Cobolt (version 1.0.1) is another Python package designed for single-cell data analysis from joint-modality platforms, utilizing a multimodal variational autoencoder. The number of latent dimensions was set to 30, and a learning rate of 0.002 was applied, per recommendations found in the Cobolt GitHub repository.

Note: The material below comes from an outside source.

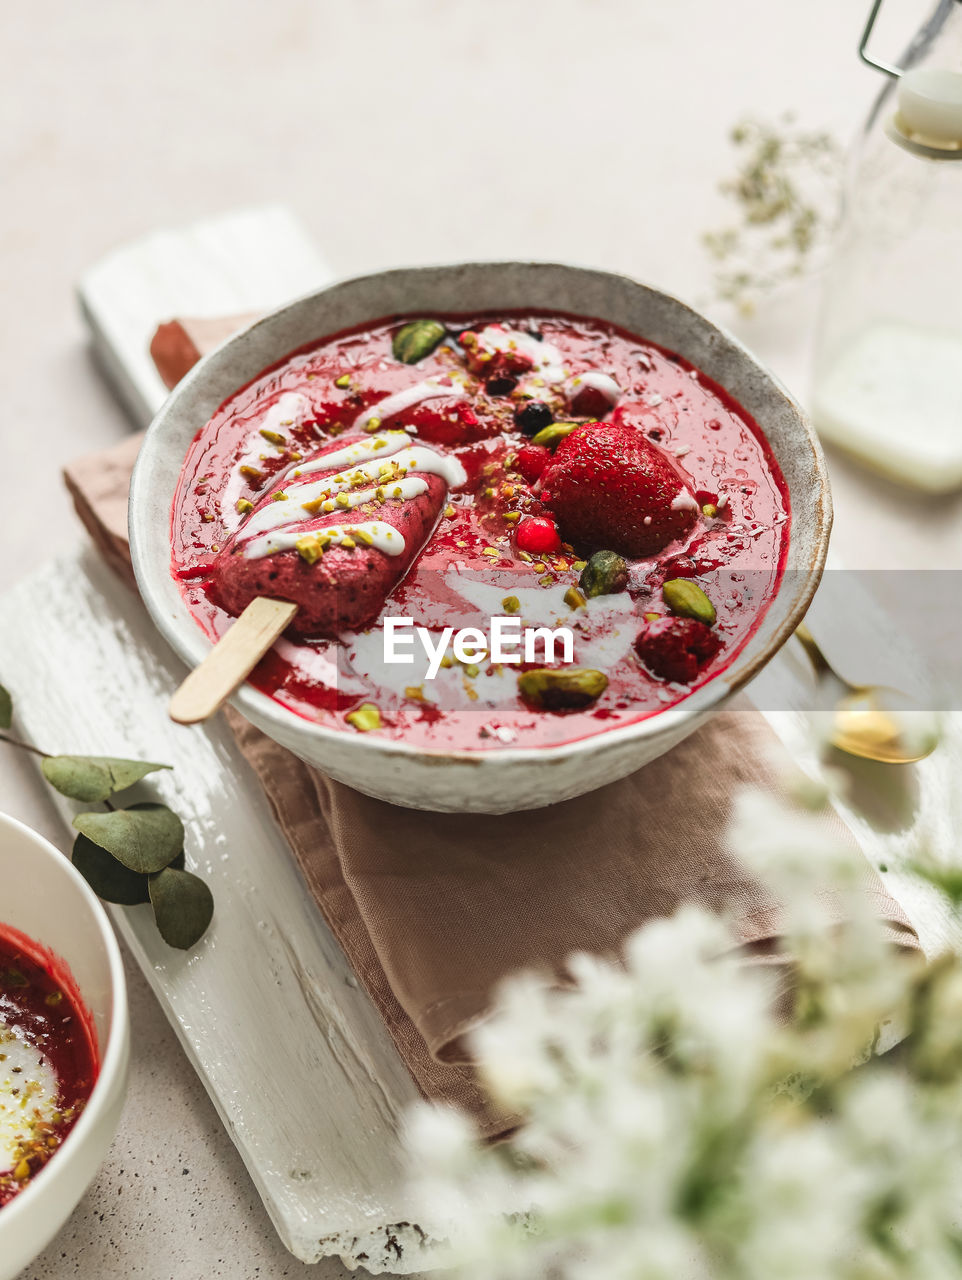 From above of tasty smoothie with fresh berries and ice candy with crushed pistachios and yogurt in bowl

Benchmarking batch effect correction methods on scRNA-seq and scATAC-seq data

Several methods, such as scVI and PeakVI, incorporate batch correction during the dimensionality reduction phase. In contrast, other approaches like Harmony, Scanorama and FastMNN mitigate batch effects during a post-processing stage; SnapATAC2 falls under this category. We initially utilized SnapATAC2’s dimensionality reduction algorithm to generate cell embeddings and subsequently applied various algorithms for batch effect correction. These outcomes were then compared with alternative methods that either directly address batch effects in the raw data based on batch labels or operate on the cell embeddings. Evaluation metrics, as detailed in ‘Benchmarking metrics’, were used to assess the performance of these various approaches. We leveraged the ‘scib-pipeline’⁴³ to conduct this analysis on four distinct scRNA-seq datasets. Additionally, we included two scATAC-seq datasets, GSE194122 and Zemke_human, to specifically evaluate the performance of batch effect correction methods in scATAC-seq contexts.

Assessing SnapATAC2’s ability to detect rare cell types

To evaluate how effectively SnapATAC2 can identify rare cell types, we used synthetic human bone marrow datasets described earlier. Our focus was primarily on the CD8⁺ T cell population, which we strategically downsampled to make up various proportions of the total cell count, ranging from a scant 0.5% up to 15%. The CD8⁺ T cells were chosen for this experiment because their chromatin accessibility profiles are relatively similar to those of CD4⁺ T cells in the dataset. This characteristic presents a meaningful challenge for accurately distinguishing between the two cell types. Subsequently, we applied a range of dimensionality reduction algorithms to these altered datasets. The effectiveness of each method was assessed by calculating the ASW for the CD8⁺ T cell population based on their embeddings. Specifically, the silhouette width metric was used to quantify the separation between the CD8⁺ T cells and their closest neighboring cell population, thereby providing an insight into each algorithm’s capacity to differentiate this rare cell type effectively.

Reporting summary

Further information on research design is available in the Nature Portfolio Reporting Summary linked to this article.